A Small Boy and Others is a book of autobiography by Henry James published in 1913. The book covers James' earliest years and discusses his intellectually active family, his intermittent schooling, and his first trips to Europe.

==Summary and themes==
This memoir tells of a precocious boy who loved the sights and sounds of his childhood but felt reticent about full participation in life. The note is sounded from the first chapters, as James recounts the limitations—and rewards—of the child he was:

"For there was the very pattern and measure of all he was to demand: just to be somewhere—almost anywhere would do—and somehow receive an impression or an accession, feel a relation or a vibration. He was to go without many things, ever so many—as all people do in whom contemplation takes so much the place of action; but everywhere...he was to enjoy more than anything the so far from showy practice of wondering and dawdling and gaping: he was really, I think, much to profit by it."

James clearly suffered from a sense of his inferiority in the "showy", active parts of life. His older brother William always seemed superior in ability; his classmates scorned his hopelessness at math and science; even at a party he felt too embarrassed to join in the dancing.

But he still observed and fantasized about all his family and his surroundings had to offer.
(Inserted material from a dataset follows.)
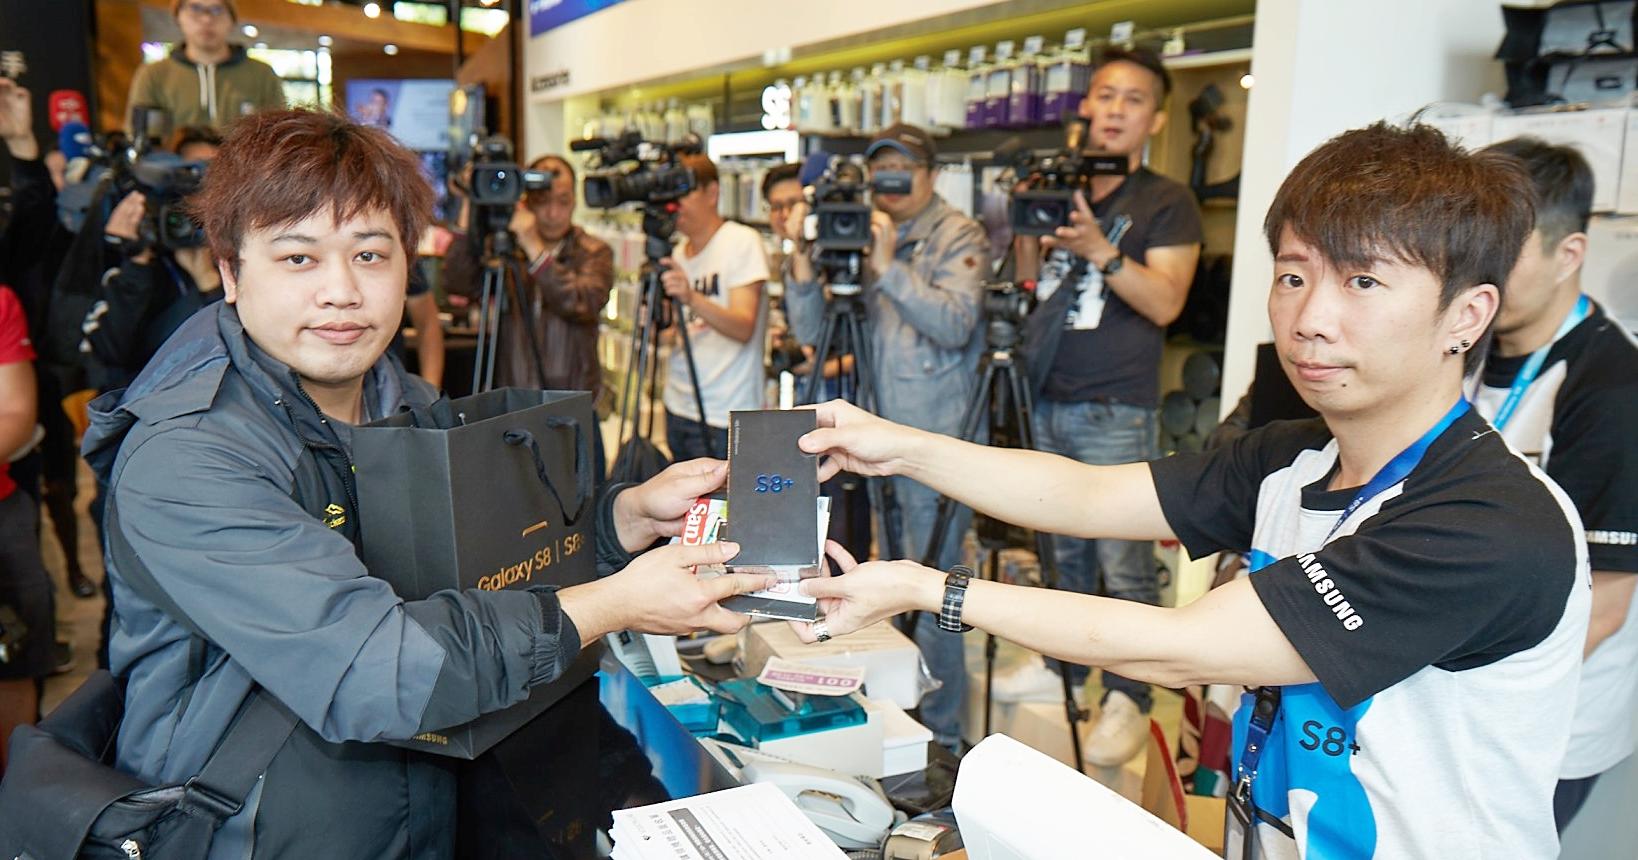 三星 Galaxy S8 預購開放取貨,挑戰上半年 Android 機皇銷售寶座

When a cousin of his was told "don't make a scene," he suddenly realized that scenes could be made by telling a story or inventing a play. He went often to the theater and fell forever under its spell. His family met William Thackeray and Charles Dickens on their American tours, and James even remembered Thackeray mock-scolding his sister Alice for her crinoline dress: "Crinoline? I was suspecting it! So young and so depraved!"

In fact, for all his surface diffidence, James harbored almost Napoleonic dreams of glory as an artist. Near the close of A Small Boy and Others he tells how, in much later years, he dreamed of routing a monstrous attacker and chasing him away through the halls of the Louvre, which he had seen as a child. The small boy, as hesitant and uncertain as he might seem, would triumph over his fears and develop his superb aptitude for narrative fiction.

==Critical evaluation==
Although couched in the novelist's densest prose—"late late James," as one critic put it—A Small Boy and Others has enjoyed mostly favorable commentary. Critics have appreciated how James speaks honestly about his childhood hesitancies and feelings of inadequacy. James narrates many stories of his family life and his desultory, sometimes erratic education with welcome humor and unfailing grace.
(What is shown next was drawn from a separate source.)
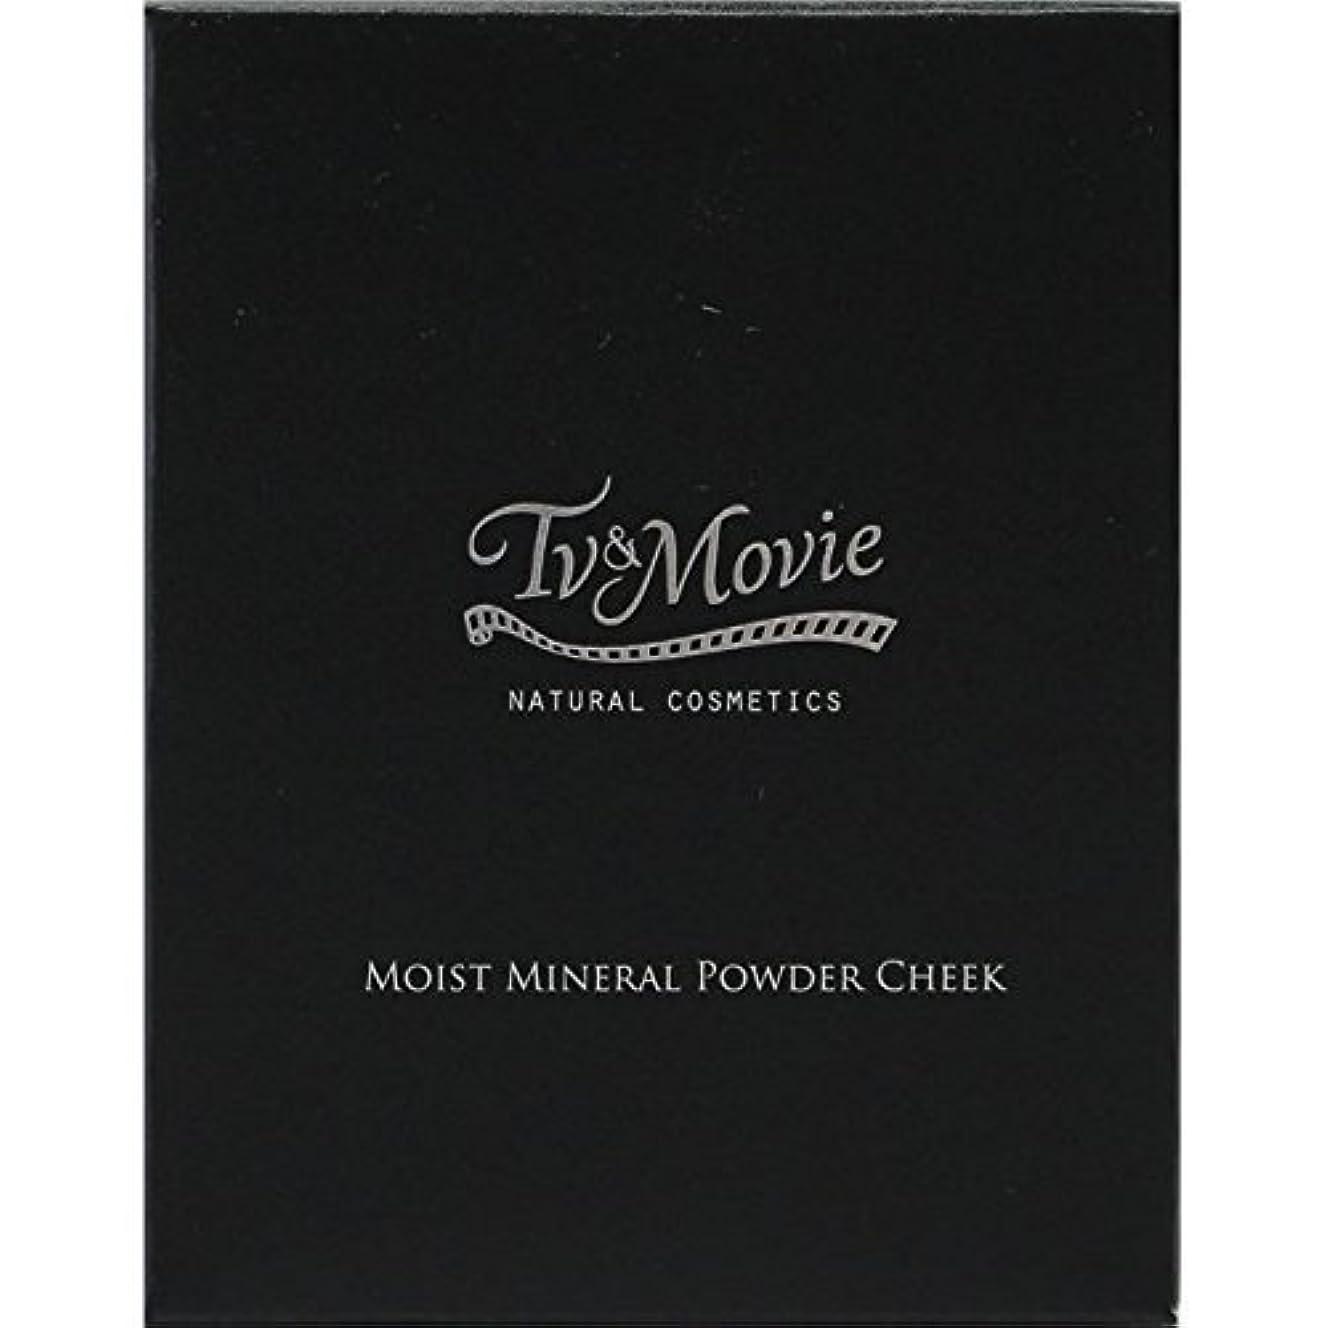 泥だらけ白菜トラブルTv&Movie モイストミネラル パウダーチーク 02 スイートオレンジ 5g

Perhaps what is intended to emerge most vividly from these musings about the past is the development in young James of what he calls the "sense of Europe," and with it the awakening of the critical sense or taste.

The book ends with a nearly fatal attack of typhus suffered by the fourteen-year-old James in France. Always ready to convert any experience to literary use, James employs the attack as a break in his life-story, which would be taken up in the sequel, Notes of a Son and Brother.